DATASET CONTENT

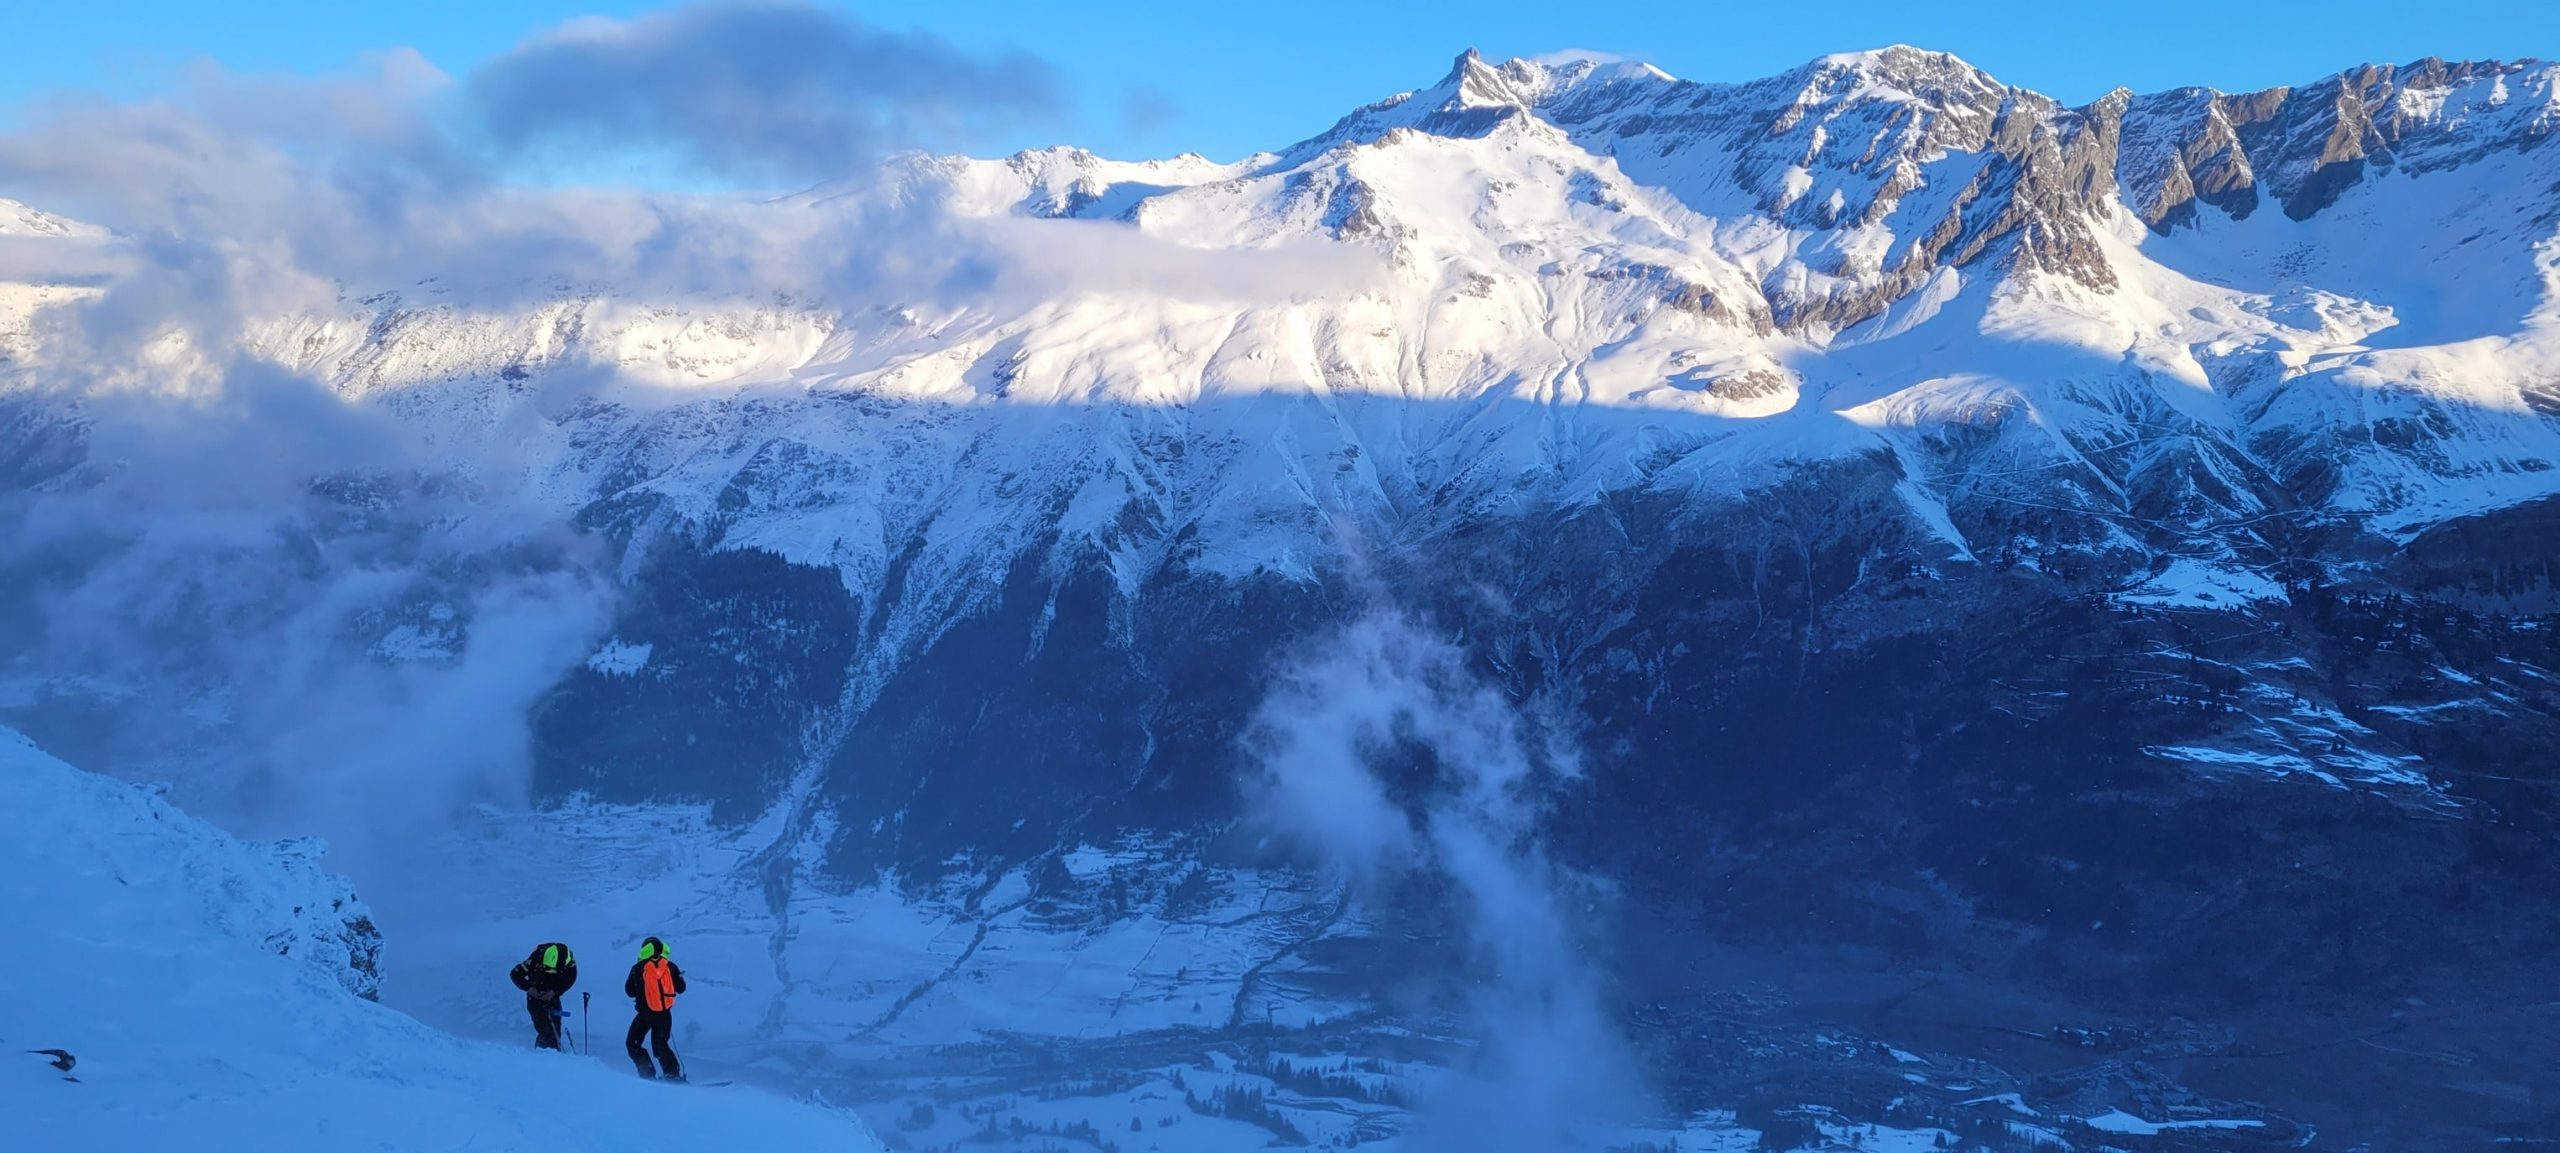 Val Cenis ski resort in the French Alps
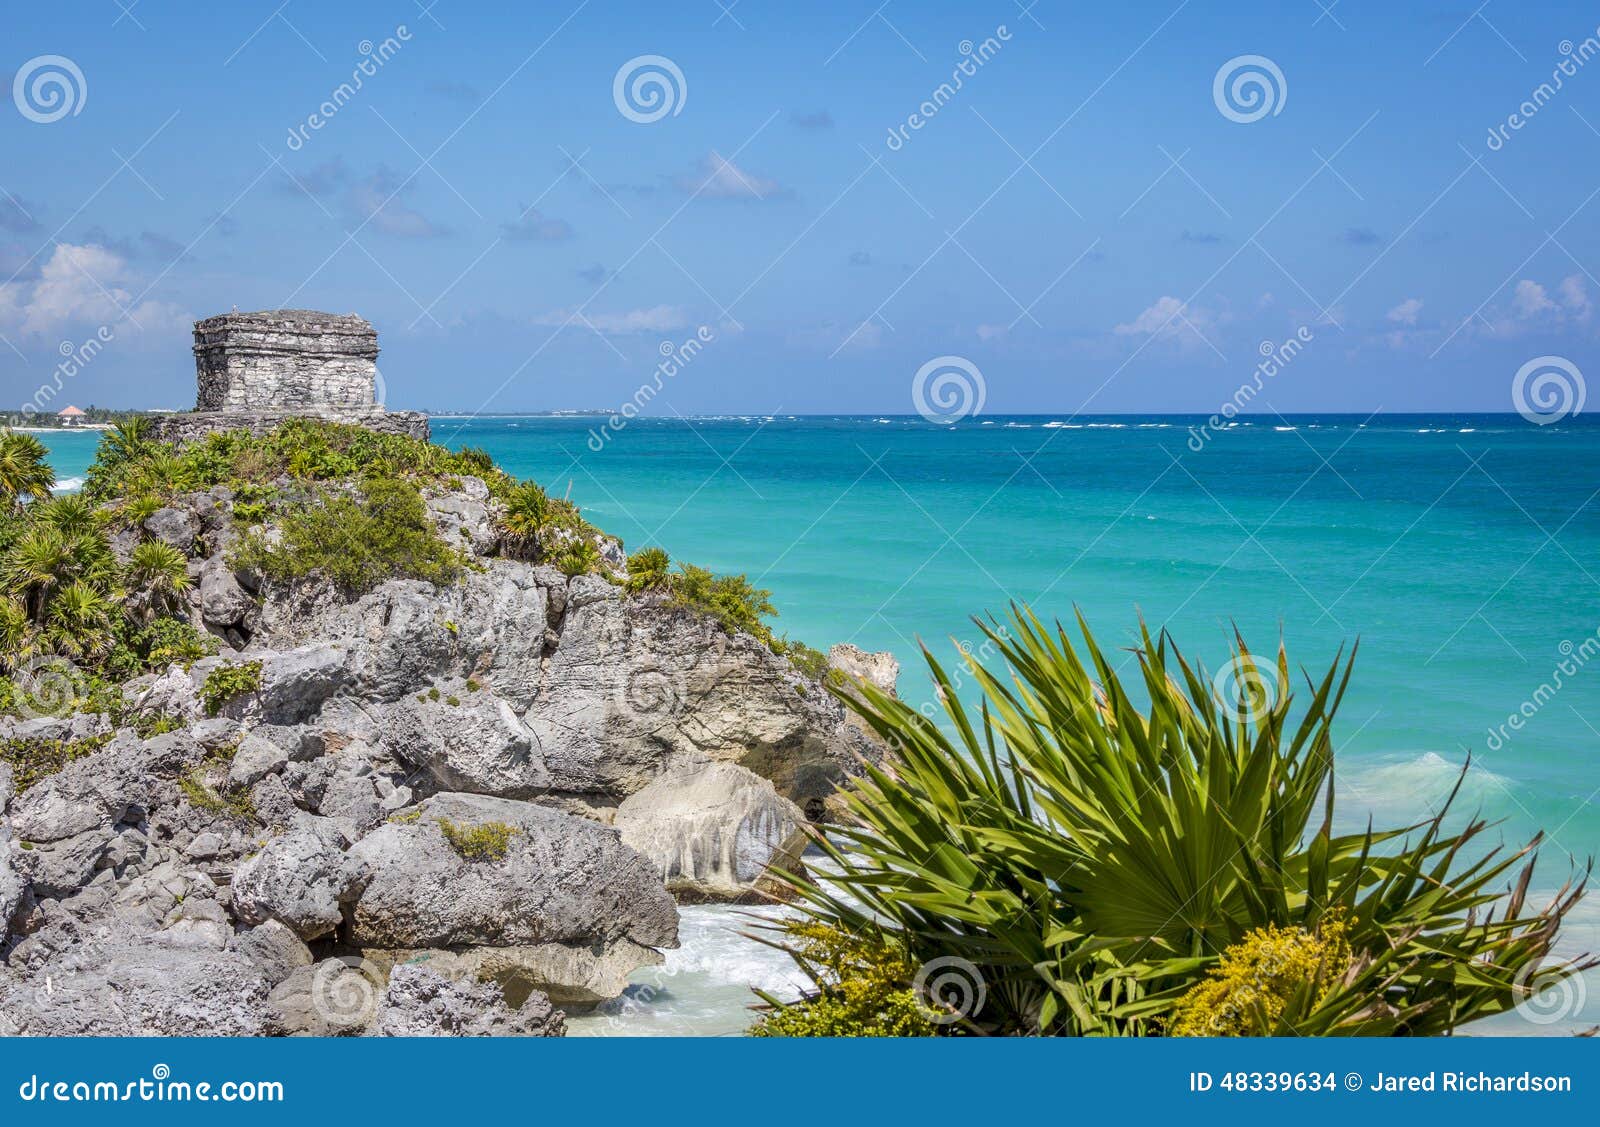 mayan ruin at tulum near playa del carmen, mexico
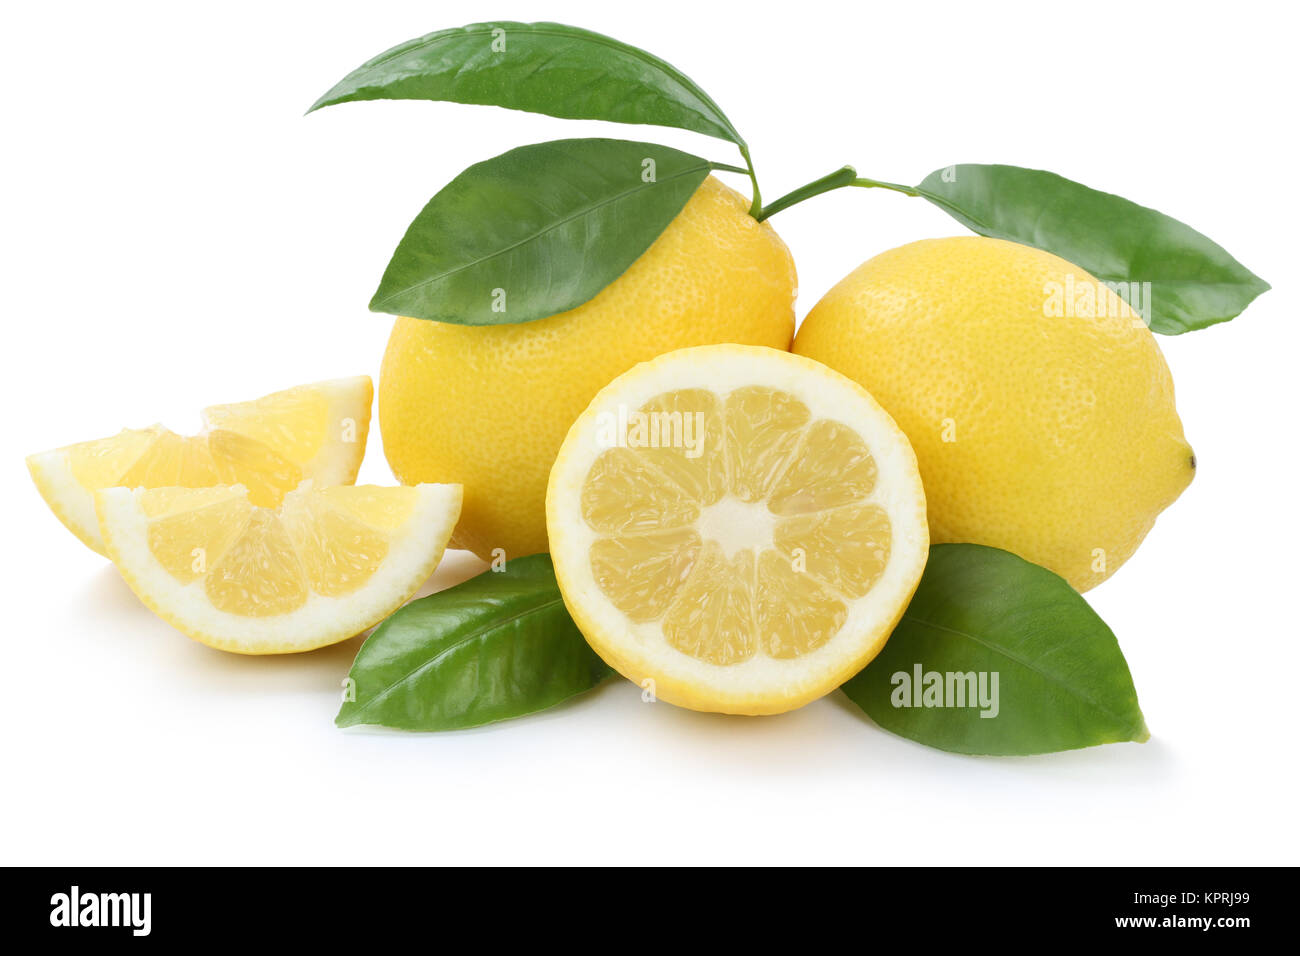 Zitrone Zitronen bio geschnitten Photo freigestellt Früchte Hintergrund Stock vor einem Freisteller isoliert Alamy weissen 
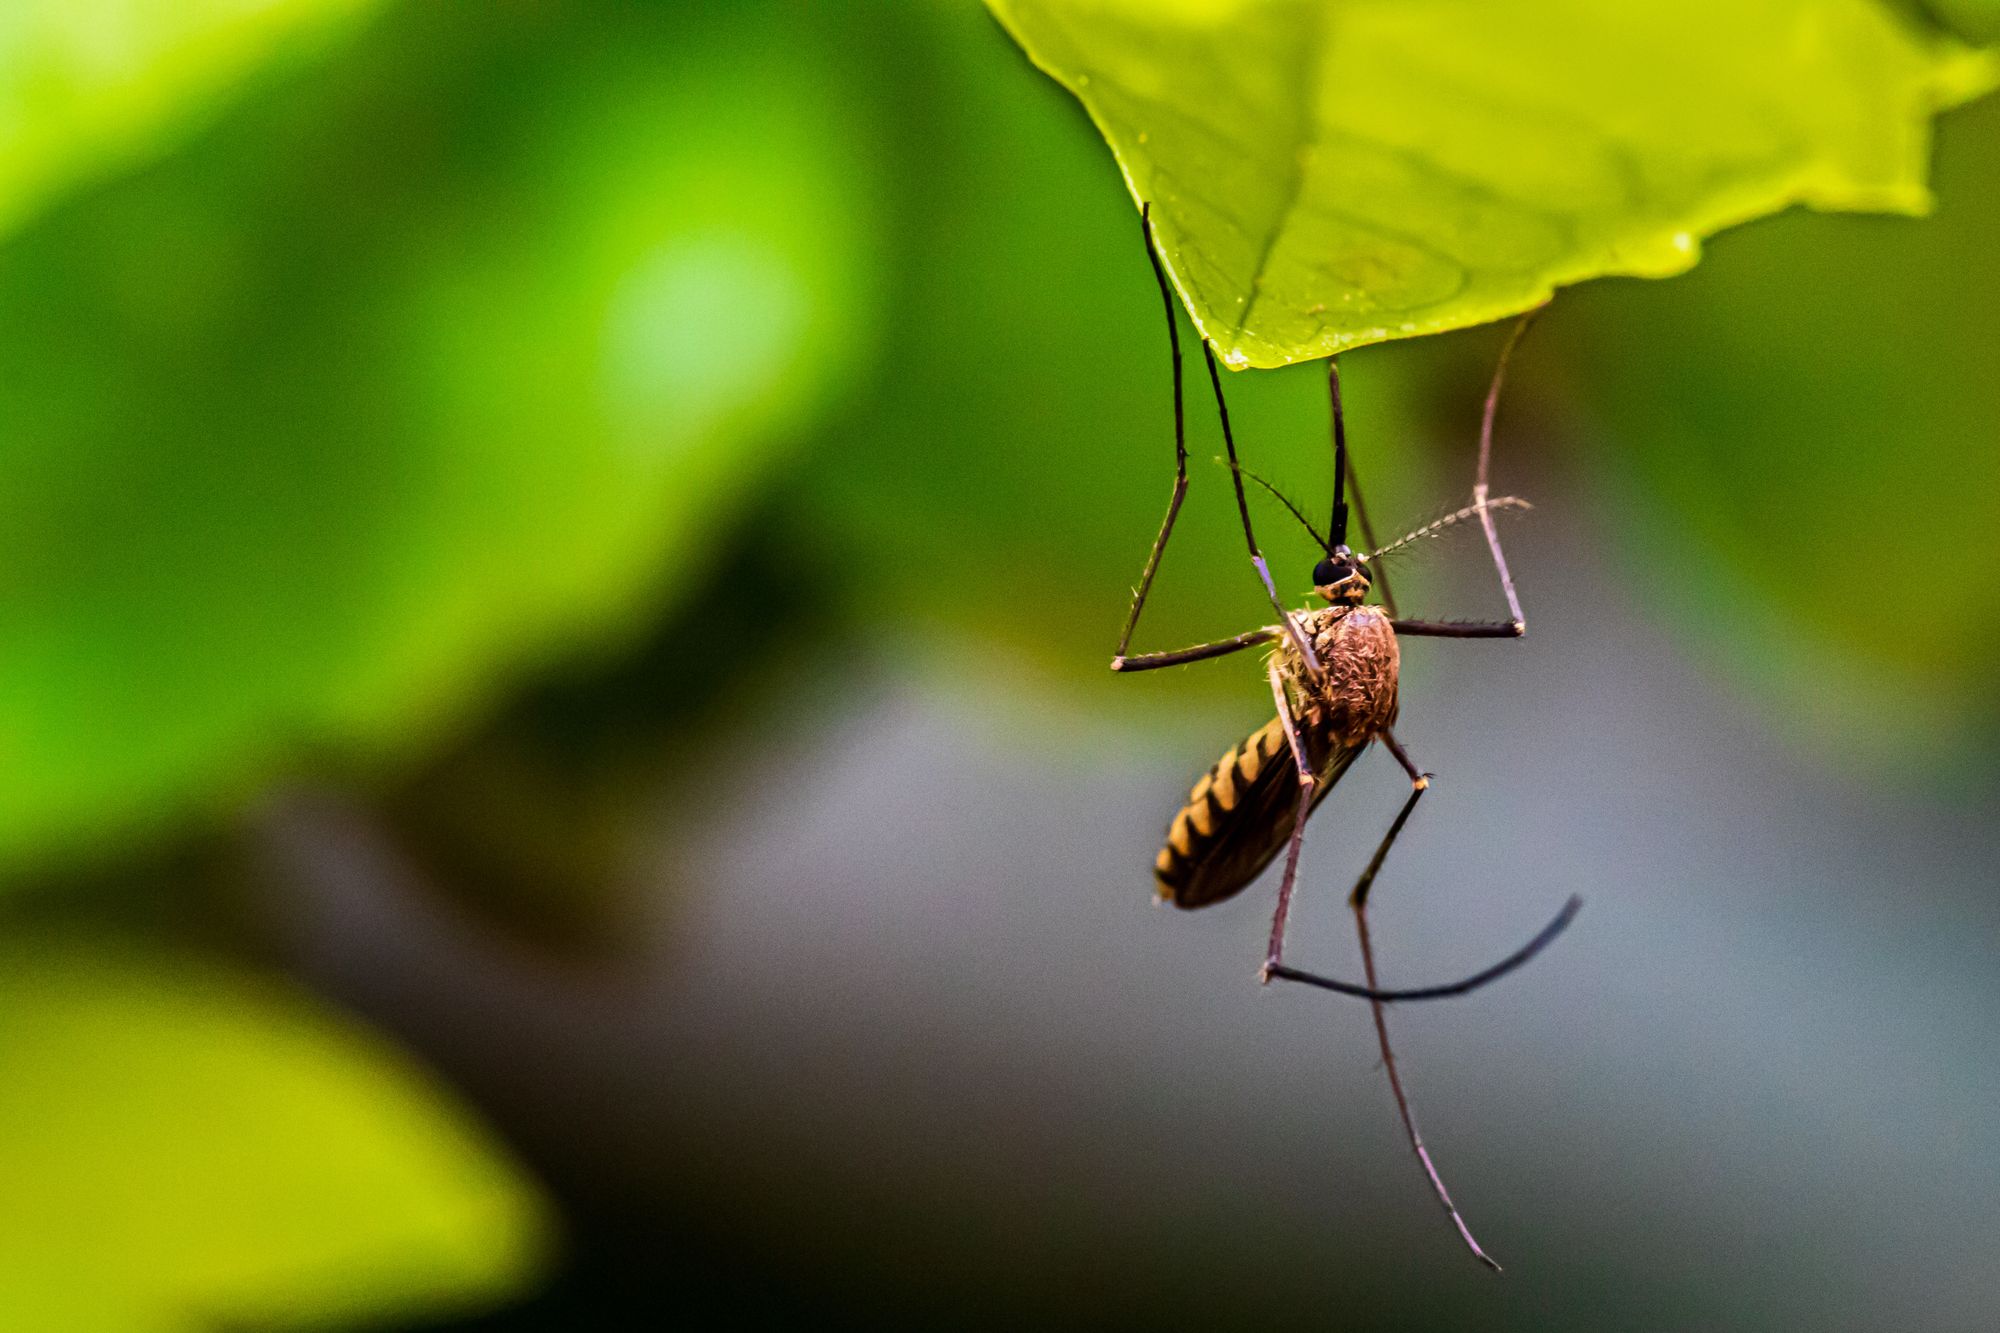 Lék proti plasmodiím, způsobujícím malárii, má zastavit schopnost parazitů unikat imunitní odpovědi člověka

EXERCISE GOAL
Set down the material above as is, without any pictures.

TASK ANSWER
 Val Cenis ski resort in the French Alps
 mayan ruin at tulum near playa del carmen, mexico
 Zitrone Zitronen bio geschnitten Photo freigestellt Früchte Hintergrund Stock vor einem Freisteller isoliert Alamy weissen 
 Lék proti plasmodiím, způsobujícím malárii, má zastavit schopnost parazitů unikat imunitní odpovědi člověka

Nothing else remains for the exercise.